Естественно, король приказал придворному художнику написать с нее портрет для «Галереи красавиц». Творение художника не совсем понравилось Людвигу, он счел портрет «слишком обыденным» и выговорил художнику:
– Штилер, ваша кисть стареет. – Далее, по воспоминаниям графини цу Ляйниген-Везербург, события развивались следующим образом:
«Художник молча забрал холст и удалился. Через две недели Штилер возвратился, даже не прикоснувшись к полотну кистью. Король, которому тем временем стало совестно, что он сделал больно своему старому придворному живописцу, добродушно похвалил его:
– Теперь это прекрасно, Штилер.
Однако тот всего-навсего сухо бросил в ответ:
– Для старой кисти это, по меньшей мере, достаточно недурно.
Король от всего сердца расхохотался и потрепал художника по плечу, промолвив:
– Хорошо он меня отбрил!»
Естественно, и до прибытия Лолы в Мюнхен там шла глухая борьба между прогрессивными либералами и партией, признающей вмешательство папы в дела католических государств. Теперь же она обострилась, тем более что масла в огонь подливала пресса. Король ранее старался не принимать ни ту, ни другую сторону. Однако теперь он был вынужден стать на сторону Лолы, дабы защитить ее, т. е. невольно выступил против клерикальной партии. Ее сторонники прилагали все усилия к тому, чтобы открыть Людвигу глаза на эту «вавилонскую блудницу», однако тот странным образом ничего не желал слышать. Среди местного студенчества даже образовалось два лагеря: сторонников и врагов «испанки», которые в открытую враждовали между собой.
Тем временем убежденная в своей неуязвимости Лола начала вести себя все более и более развязно. При малейшем недовольстве она раздавала направо и налево пощечины и вовсю пользовалась хлыстом для верховой езды. Боже упаси грубо обойтись с ее собачонкой Беллой – наказание следовало немедленно. Все это вызывало ропот среди жителей, которые напрямую жаловались в полицию, а фон Пехман собирал жалобы, радостно потирая руки.
В конце концов, такое положение возмутило королеву Терезу, но Людвиг принялся уверять ее, что его связывают с Лолой чисто платонические отношения. Однако когда он попросил супругу принять танцовщицу при дворе – это открыло бы ей двери всех аристократических домов Мюнхена, – та наотрез отказалась. Дабы утешить Лолу, король купил ей ложу в придворном театре, чтобы она могла беспрепятственно наслаждаться спектаклями.

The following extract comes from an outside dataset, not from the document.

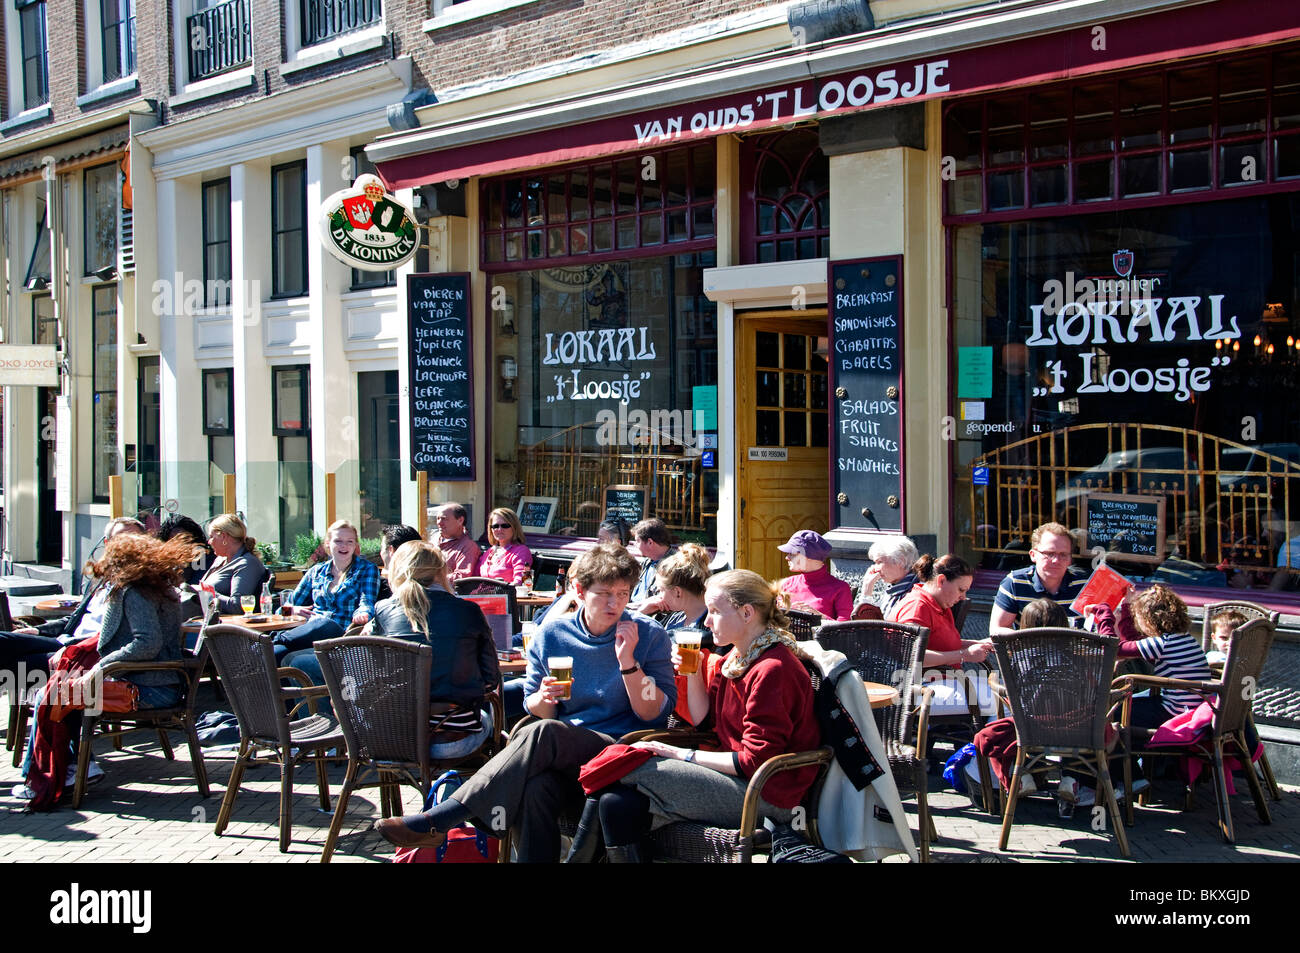 Lokaal `t Loosje  Nieuwmarkt cafe Amsterdam Cafe Restaurant  bar pub Netherlands Stock Photo
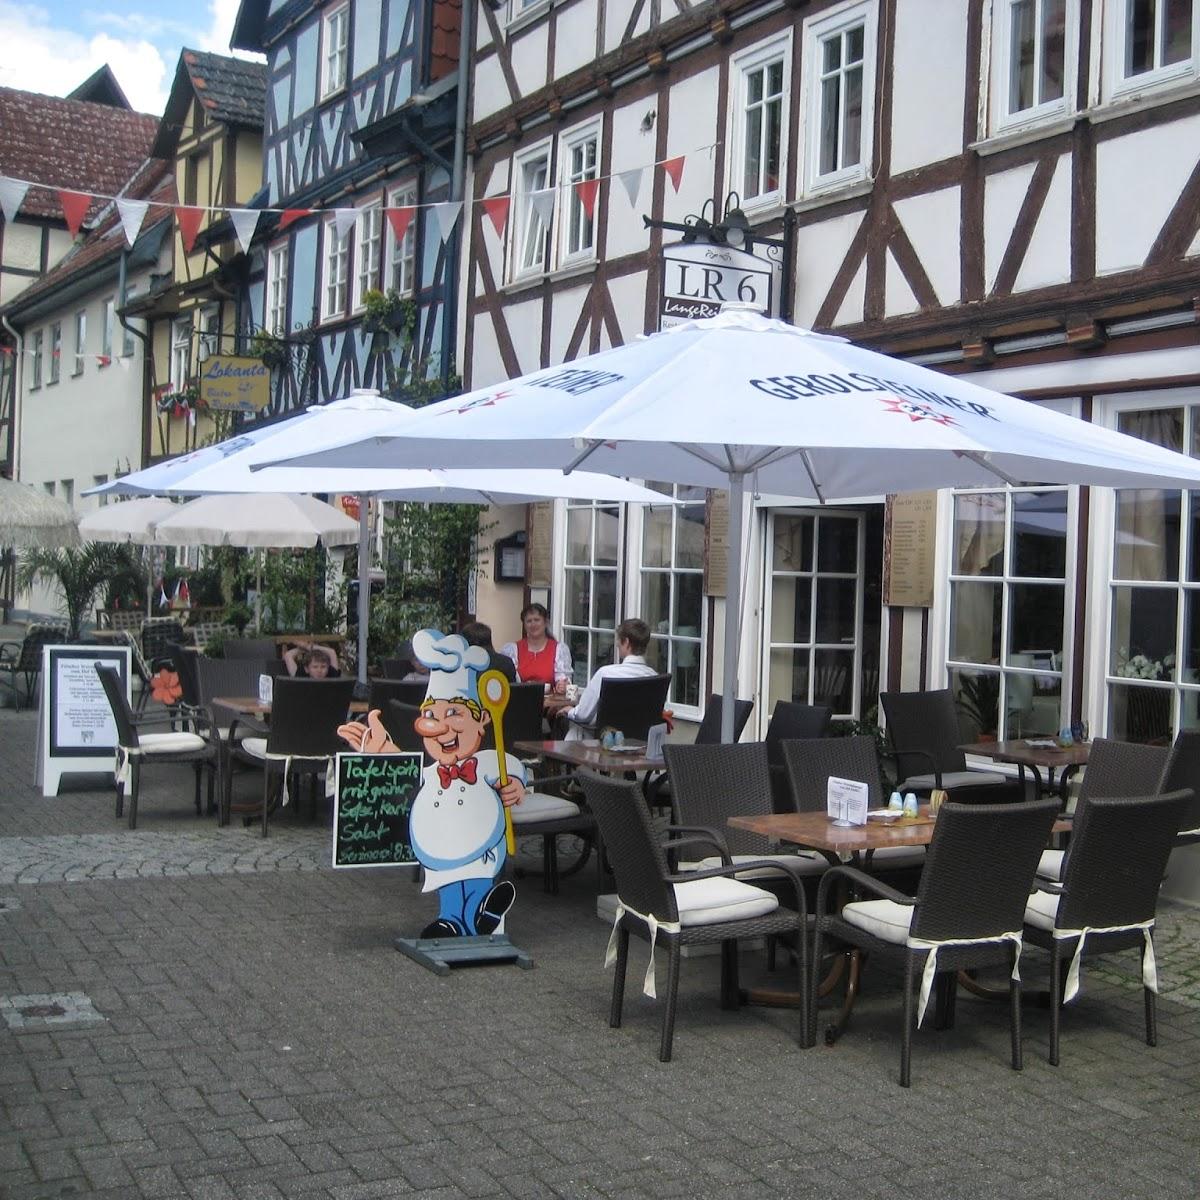 Restaurant "Hotel Restaurant LR6" in Bad Sooden-Allendorf

Тем временем начальник полиции фон Пехман подготовил целое досье на Лолу, где были упомянуты все ее прегрешения, включая настоящее имя и дату рождения, похождения в Париже, высылка из других городов. Для начала он пригласил Лолу к себе и показал ей досье, полагая таким образом испугать эту наглую даму. Но та даже не соизволила марать руки об эти бумаги, а направила на него такой уничтожающий взгляд своих очей, что он потом в своих воспоминаниях написал: «Если бы взглядами можно было убивать, Монтес была бы стократной убийцей».
– Прочтите бумаги! – настаивал фон Пехман.
– Зачем? – изобразила удивление Лола. – Впрочем, лучше будет вот так! – Она выхватила несколько листков и разорвала их. Далее последовали две жалобы, которые подали королю одновременно Лола и фон Пехман. Оскорбленному начальнику полиции король направил указание: «Не будьте столь придирчивы к Лоле Монтес, баварские обычаи ей незнакомы».
Раздосадованный фон Пехман передал досье королю, который показал его Лоле. Та ничуть не испугалась, без труда убедив Людвига, что все это клевета и происки ее врагов. Королю было вполне достаточно ее слов, он слепо верил этой неотразимой красавице во всем и просто не знал, чем бы еще порадовать и побаловать ее. Король перевел фон Пехмана на службу в Ландсхут (тот счел, что еще дешево отделался, не будучи отправленным в отставку), а Лоле решил даровать титул графини. Однако для возведения в графское достоинство она должна была иметь баварское подданство. По совету короля Лола подала прошение на получение такового в министерство внутренних дел, но когда с нее начали требовать ряд необходимых документов, она, не моргнув глазом, солгала, что почти все документы у нее украли при нападении бандитов на дорожную карету. Министр внутренних дел Карл Абель заявил, что ее единственный документ, заграничный паспорт, выданный в княжестве Ройс-Эберсдорф, является незаконным. Когда король попытался оказать давление на него, несгибаемый служака сухо заметил, что законы подлежат соблюдению, и повторил свой отказ.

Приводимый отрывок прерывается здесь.